Audi has responded to this change in consumer requirements by adding a fantasy element to its demos and utilising VR's ability to immerse the user in another world. With a headset, the company's system can beam the customer and their preferred Audi to Paris, Iceland or even the moon.

Marcus Kuehne, Audi's strategy lead for immersive technologies, says VR can turn car-buying from a fairly joyless transaction into an interactive experience that captures customers' imaginations.

“In the past many customers only came to the dealerships to get the best price,” he says. “Now VR has the power to ‘emotionalise' them – they are surprised by the technology and excited by the chance to use it to explore things. If you really want to show people the power of VR then you show them the car on the moon.”

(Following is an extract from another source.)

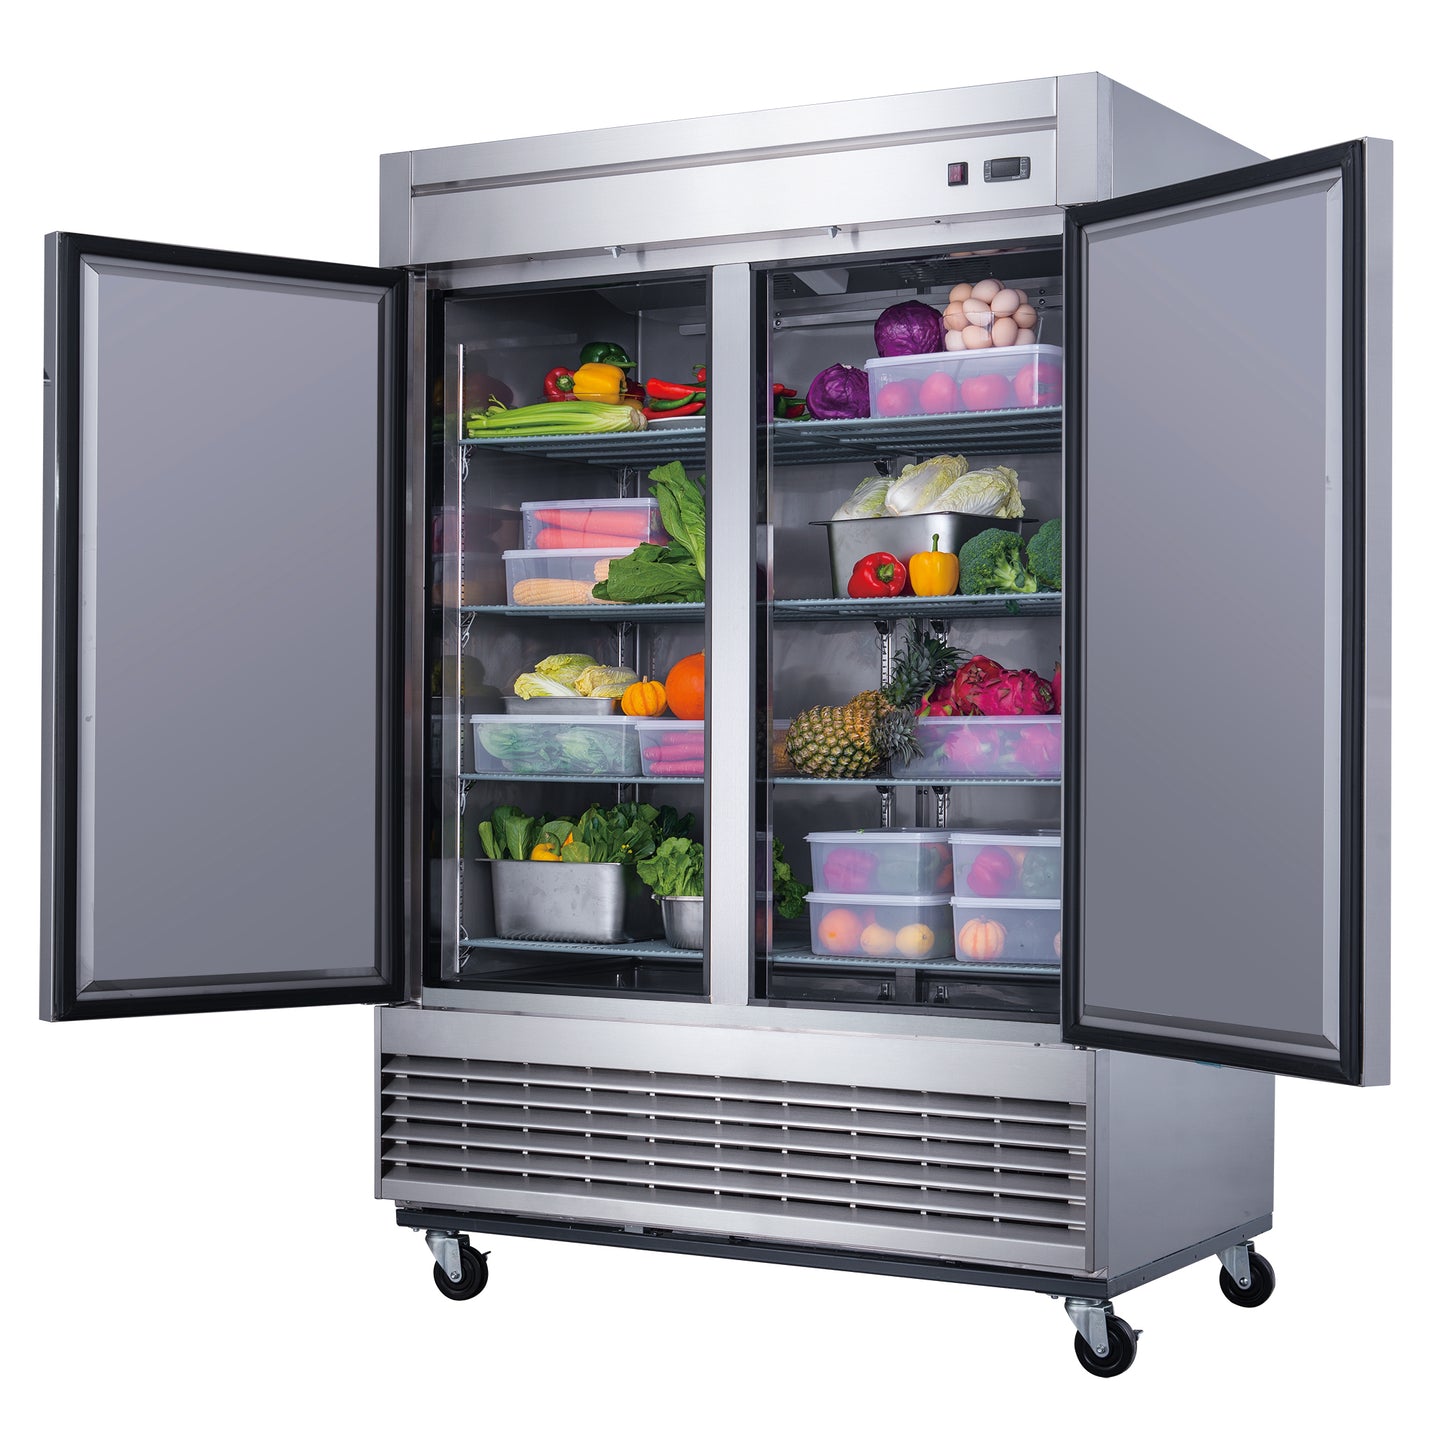 Dukers D55R 40.7 cu. ft. 2-Door Commercial Refrigerator

VR is part of a wider surge in technological innovation, driven by Big Data and leaps in computer processing power, which includes the rapid development of artificial intelligence. These trends have the potential to transform sectors across the economy – and particularly the car industry. 

Beyond the showroom
Self-driving cars, electric vehicles, car pooling and the rise of Uber pose big questions for the century-old model of private ownership of vehicles powered by an internal combustion engine. In this context VR may be just part of a wider revolution in the car market. To persuade consumers to buy when other options such as car pooling are growing, manufacturers and their dealers will need to work ever harder to generate excitement around buying a car and become more intuitive about buyers' requirements, according to Deloitte. 

“Shifts in consumer expectations will compel auto retailers to focus more on relationships and experiences than on vehicle performance,” Dinsdale argues. “Omni-channel models that fully integrate digital and physical shopping experiences will increasingly become the norm in auto retailing.”

Buying a car may ultimately not require a real one at all as consumers try out and configure their vehicle in the virtual world – leading to big changes for the traditional, physical car showroom.

Sol Rogers, chief executive of Rewind, a VR content agency that worked on the Jaguar I-Pace launch, expects VR to continue to shake up the way cars are bought and sold. “VR enables dealers to showcase models conveniently wherever the customer wants and there are no constraints,” he says. “Physical showrooms will still exist, but they will shrink in size and move to the high street or within malls, rather than out-of-town locations.”

From the perspective of a car purchaser, the introduction of VR can only be good news. As well as a fun experience it offers more choice, better opportunities to sample features – and maybe even a trip to the moon.